The very first of these migrations, to Virginia from Britain, summarizes Fischer's earlier book, Albion's Seed (see my review) which describes the settlement of Virginia by Anglican-Royalist-Cavaliers from the south and west of England during the period of Cromwell's Puritan Protectorate (1649-1660). This migration pattern continued after the restoration of the monarchy in 1660 under the guidance of Sir William Berkley, the governor of Virginia who actively recruited members of this aristocratic group and worked to purge Virginia of Puritans, Quakers and other dissenting groups.
Migration within Virginia resulted in the emergence of the distinctive subcultures of Virginia's regions: the original Tidewater settlements which expanded to the Northern Neck (between the Potomac and Rappahannock Rivers), Southside (the south-central area bordering on North Carolina), the Eastern Shore (across the Chesapeake Bay), Hampton Roads (the maritime region at the mouth of the Chesapeake), the Piedmont (from the fall line to the Blue Ridge mountains), and the Shenandoah Valley. This period was characterized by increased diversity in the population brought on in part by the Toleration Act in Britain which extended toleration (but not public office) to religious dissenters. Prominent among the Virginians were the Scotch-Irish Presbyterians and various German protestant sects.

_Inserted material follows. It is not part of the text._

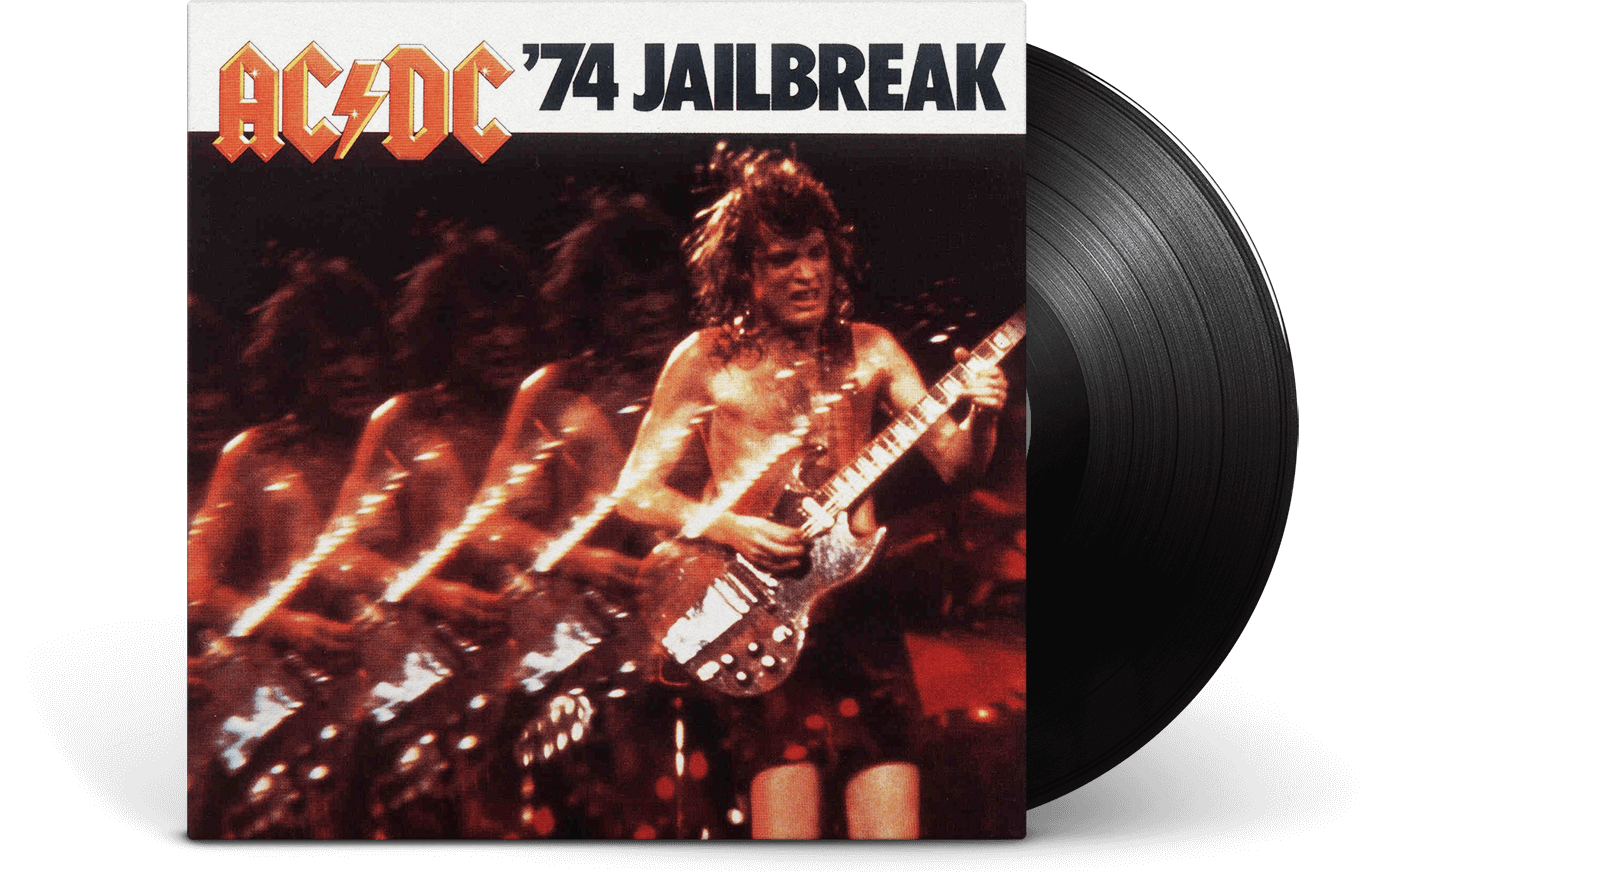 ac/dc. 74 jailbreak. cd. impecable(#) - Comprar CD de música Heavy Metal no  todocoleccion

Migration from Virginia was already well underway at the time of Virginia ascendancy as very first among equal states, the Virginia "Dynasty" of presidents from Jefferson through Monroe, 1801- 1825. Virginia's economy was largely dependent on agriculture, especially tobacco and corn. As the soil became exhausted and other states developed into competitors for these products, Virginia became an exporter of people. Free whites who chose to emigrate to the new southern states, the southern parts of Ohio, Indiana, and Illinois, and even farther west. Black slaves were sold to plantations throughout the South while the small number of free blacks emigrated to northern states. Both these migrations dispersed elements of Virginia's cultural traditions throughout significant parts of the country, excepting the northern tier of states.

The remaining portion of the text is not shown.